DATA EXTRACT START

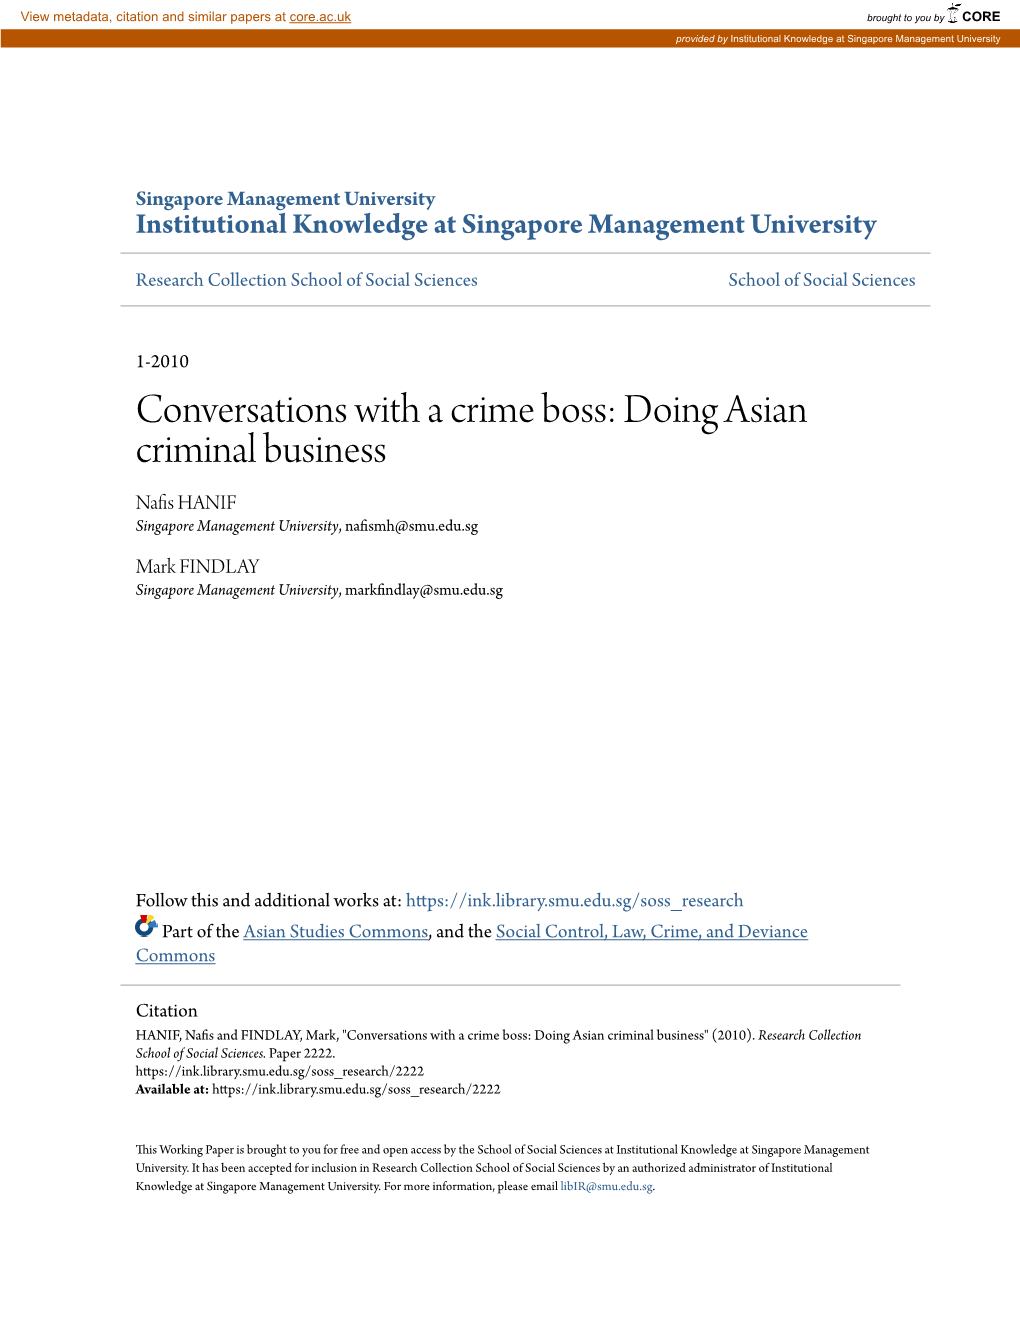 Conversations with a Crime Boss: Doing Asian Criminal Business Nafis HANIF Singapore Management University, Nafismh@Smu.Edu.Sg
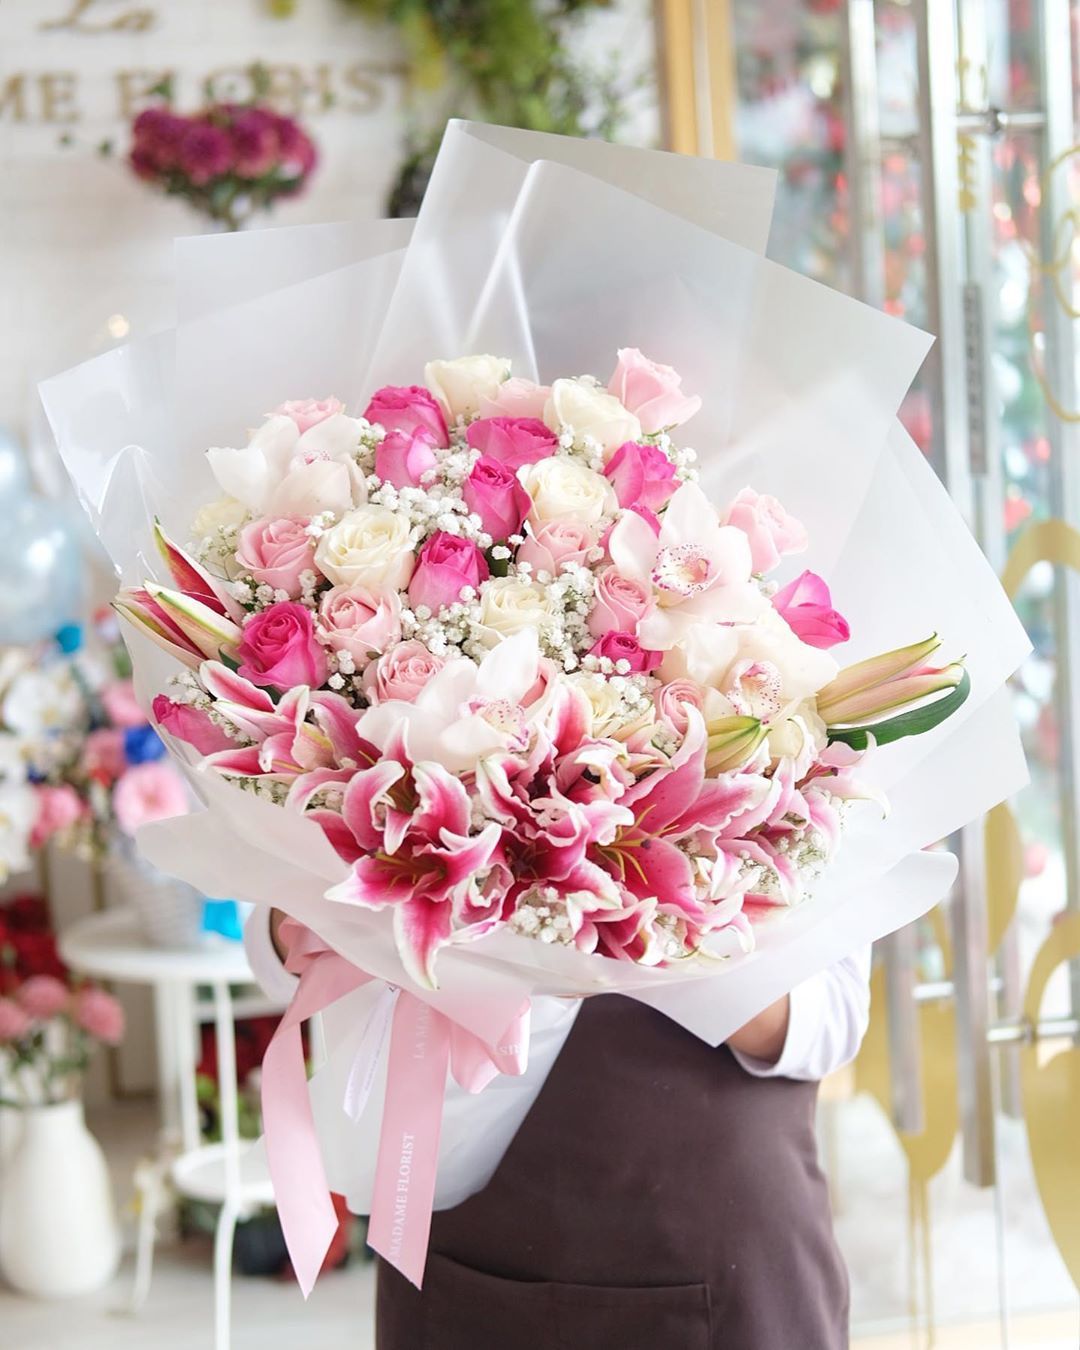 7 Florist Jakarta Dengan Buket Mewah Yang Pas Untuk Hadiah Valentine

DATA EXTRACT END
DATA EXTRACT START

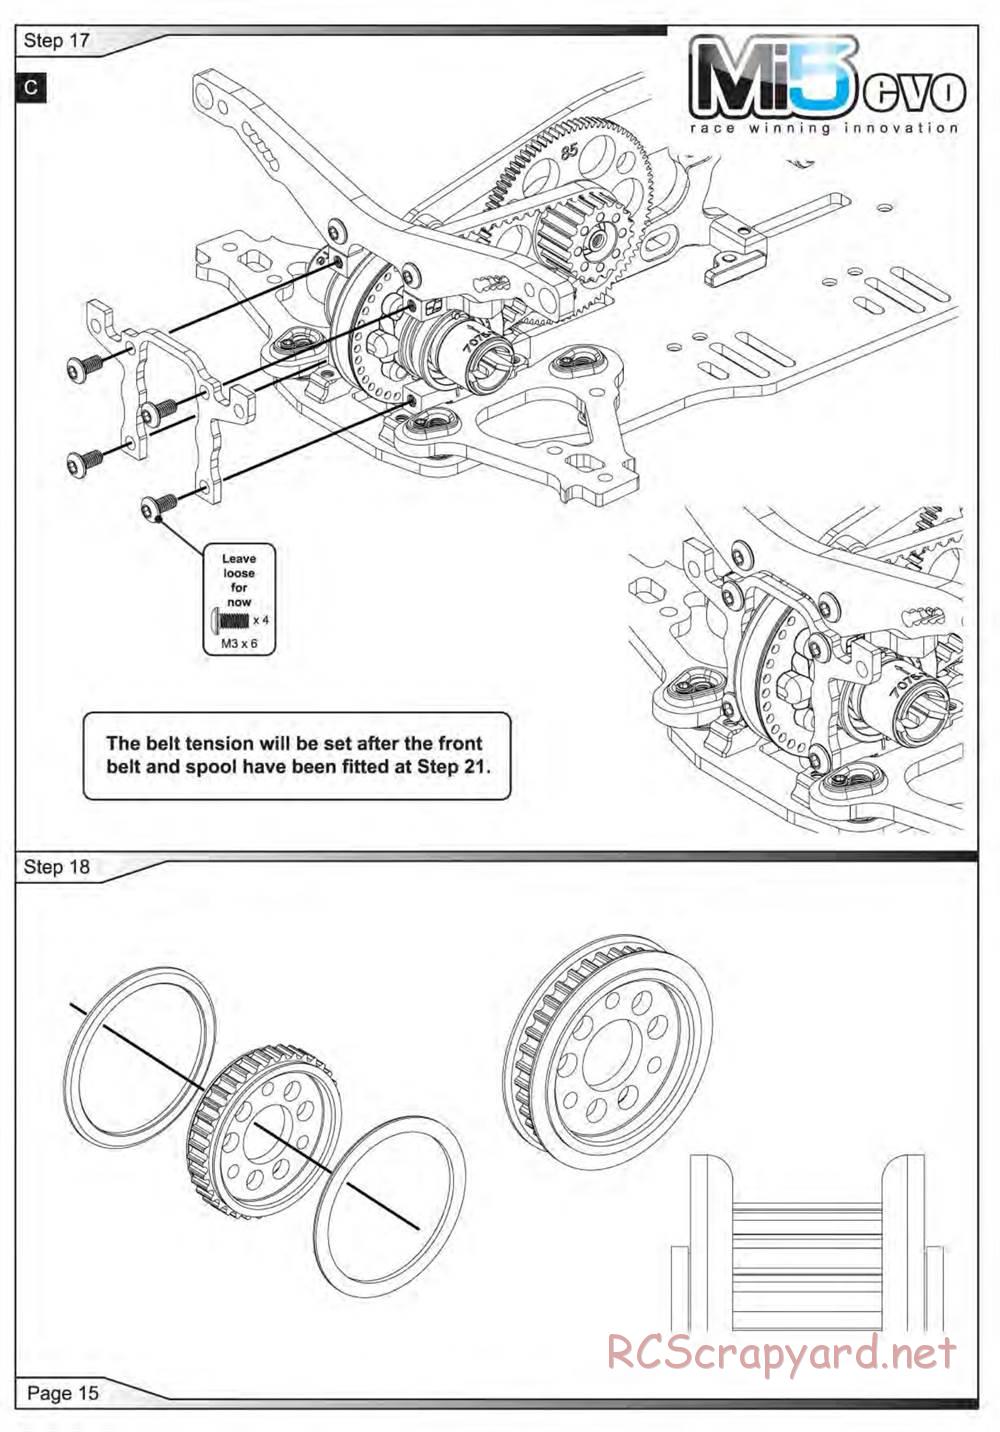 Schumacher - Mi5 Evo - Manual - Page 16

DATA EXTRACT END

• **TASK PROMPT**:
Above are some records. Reproduce the lines from the one with "Conversations with a" down to the one with "7 Florist Jakarta", keeping both, and leave every picture out.

• **TASK SOLUTION**:
 Conversations with a Crime Boss: Doing Asian Criminal Business Nafis HANIF Singapore Management University, Nafismh@Smu.Edu.Sg
 7 Florist Jakarta Dengan Buket Mewah Yang Pas Untuk Hadiah Valentine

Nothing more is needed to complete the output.